I was laughing, sort of, at myself the other day, because my ideal Saturday night is pizza or some other simple comfort food, a drink, a kniting project, a book, and some interesting TV, preferably documentaries or something. I can alternate knitting/TV with reading, and I’m at home, safe and cozy and laid-back.

This doesn’t really jibe with the fantasy double life I have always led in the back of my mind, where I’m sociable and friendly and fun.

Well, I can be sociable, friendly, and fun, but it requires a) having had enough sleep previously, so work nights are out; b) alcohol; c) people I am at least close to the same wavelength as (alcohol can only do much). These three things very rarely coincide.

Now it’s a new year and I’m wondering if some good stuff — like the settling of my aunt’s estate and my subsequent buying of a non-rattletrap car — might come along relatively soon. I’m hoping the cat stays in her status quo and that if I get caught in the next rotation at work I don’t go to the scary customer service unit yet. (Once I do go, I’m arranging for monthly massages and pedicures and lots of vodka for after work, and possibly finding a therapist just to deal with the terror.*)

I’m about to go find a fun knitting project to work on, because I’m all flail-y and unfocussed knitwise, and I was trying to work on something for my sister with some yarn she bought but she bought so little that my options are very limited and the yarn is no fun to work with, so I’m putting that aside again. Alas.

And I just ordered some recipe cards and a binder, so I can organize the stuff I get off the Web and write down recipes from cookbooks where I only like a handful of recipes, so I can send the books themselves on.

Also up for “when the estate settles” — getting an old London Underground poster (“Brightest London is Reached by Underground”) framed to match my Paris metro map and my 1908 Underground map; getting a smallish bookcase to live between the big bookcase and the sideboard; maybe getting a new dining room set that matches all the other living/dining room furniture (ie, is not pine from IKEA).

2011 wasn’t hideous but December kicked my ass, so I’m hoping for some smooth sailing for a little bit.
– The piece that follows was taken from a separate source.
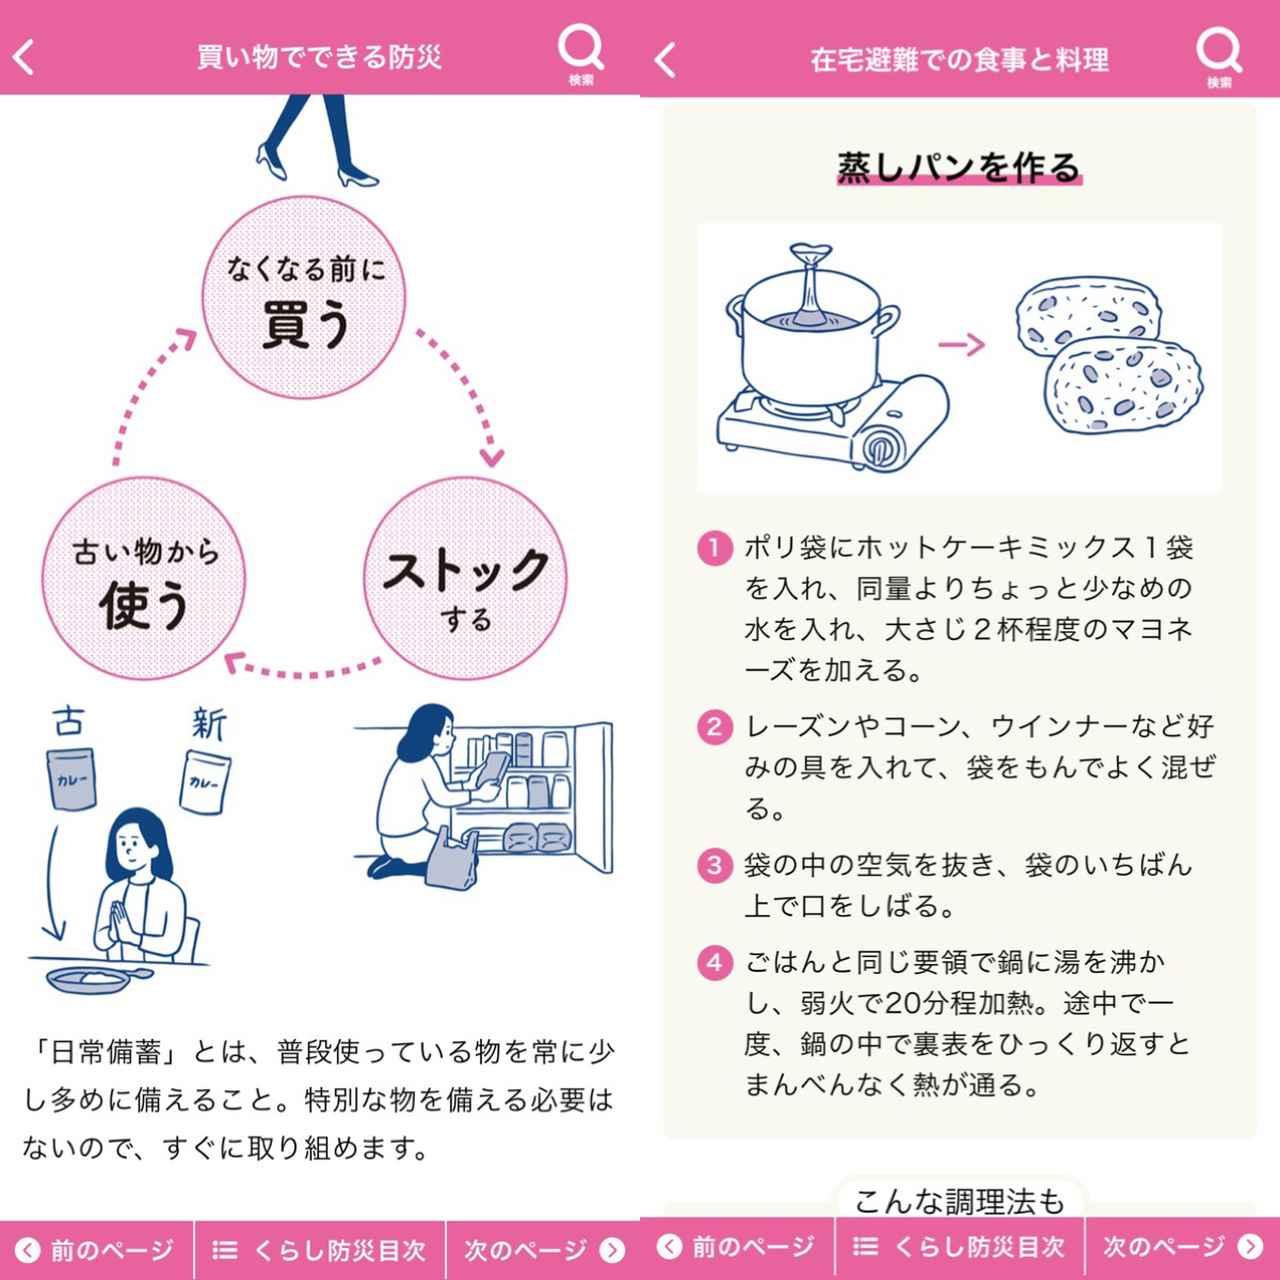 画像3: 「東京くらし防災モード」では生活の中でする防災を学べます。

Please!

* When I took the job I didn’t know there was an entire unit dedicated solely to customer service; I figured everyone just had a little sprinkled into their job like at my old place. Also, at my old place we actively discouraged people from coming in; we only wanted stuff done in writing or over the phone, and had very little space/provision for people to come into the office. Here, they actually require you to come in and see us, which means they need to have a whole unit just for that. It’s scary as all get-out to me.